I am copying CSV files from one machine to a remote PostgreSQL 11 server, using a Python 3.6.4 script.
The CSV files have headers (and values) that can have spaces as well as non-ASCII characters, like ∂ and µ. To save the CSV files, I use the following code:
with open(filename, "w", encoding="utf-8") as output:
result.to_csv(output, sep='\t', header=False, index=False, na_rep='null', encoding="utf-8")
Here result is a pandas dataframe
. Then I get the list of column names.
columns = ["\"{}\"".format(f) for f in list(result.head(0))]
The CSV and columns_list is then used to write over to Postgres:
tn = f"{schema}.{tablename} ({', '.join(columns)})"
with open(filename) as f:
subprocess.check_call([
'psql',
'-c', f"COPY {tn} FROM STDIN WITH NULL as 'null'",
'-d', url,
'--set=ON_ERROR_STOP=true'
], stdin=f)
This works beautifully on MacOS (Catalina 10.15.x). But when the above code is run on an Ubuntu instance (either 18.04 or 16.04), I keep getting the following error:
UnicodeEncodeError: 'ascii' codec can't encode character '\xb5' in position 231: ordinal not in range(128)
The error itself is well documented and I went through all of the posted answers, including here, here and here.
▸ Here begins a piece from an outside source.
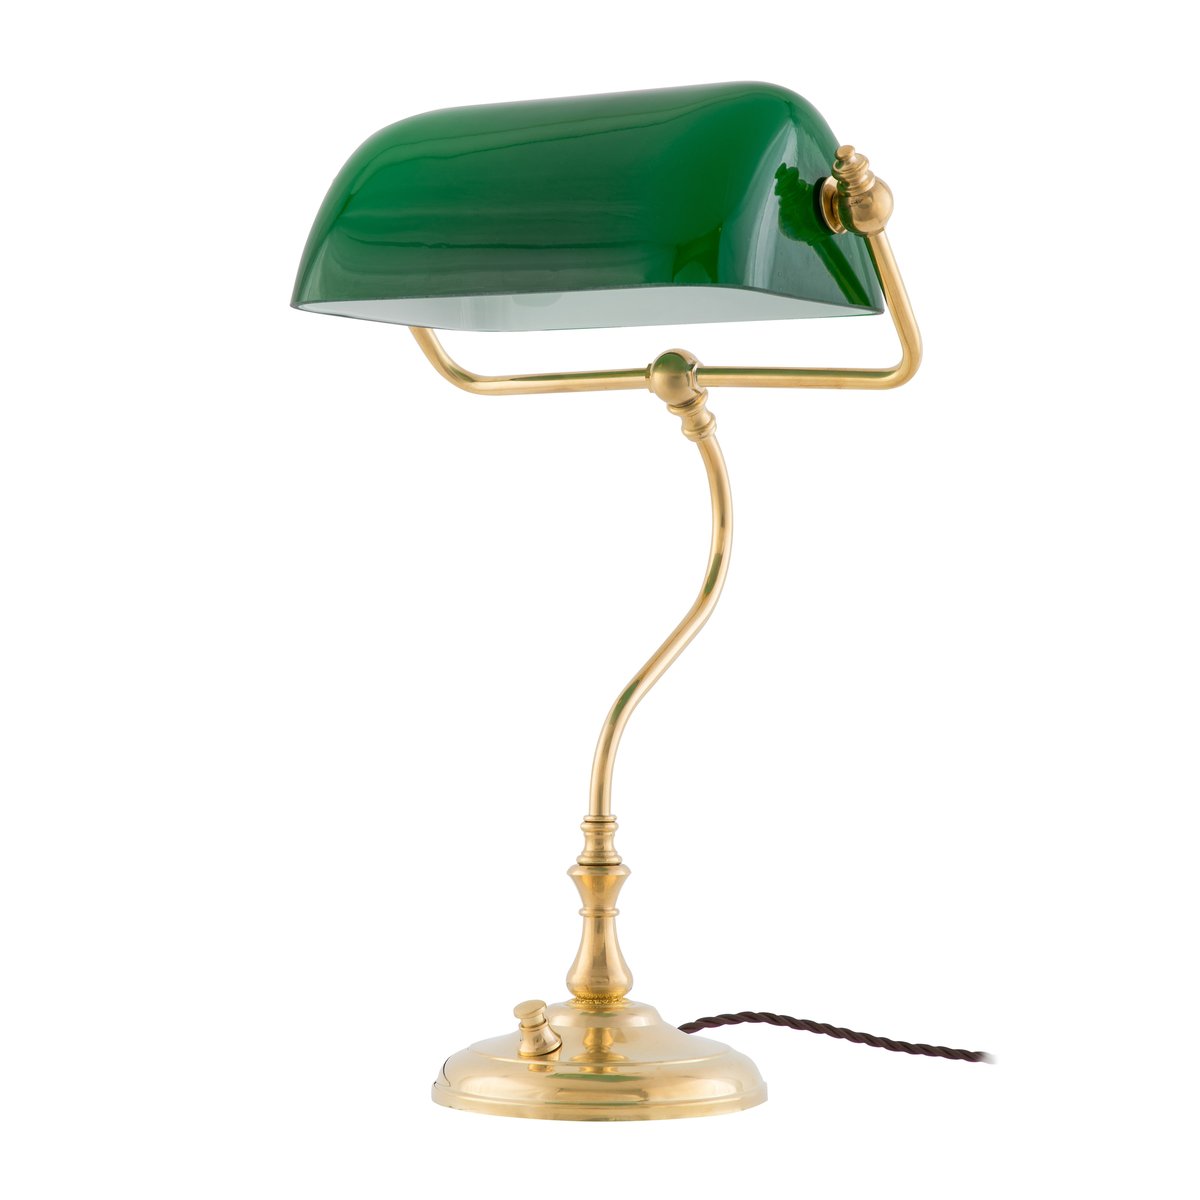 Bilde av Karlskrona Lampfabrik Energismart bordlampe Messing-grønn

However, none of them help. I have sprinkled code with encoding=utf-8 as you can see, I have tried defining all the environment variables in the Ubuntu instances, to no avail.
I am not in a position to remove the special characters, they must be preserved in the database. What can I do, either in my python script or in the subprocess.check_call, to fix this issue? I also switched to the following:
import codecs
with codecs.open(filename, encoding='utf-8') as f:
subprocess.run([
'psql',
'-c', f"COPY {tn} FROM STDIN WITH NULL as 'null'",
'-d', url,
'--set=ON_ERROR_STOP=true'
], stdin=f, encoding='utf-8')
But the issue remains the same. Any help is appreciated.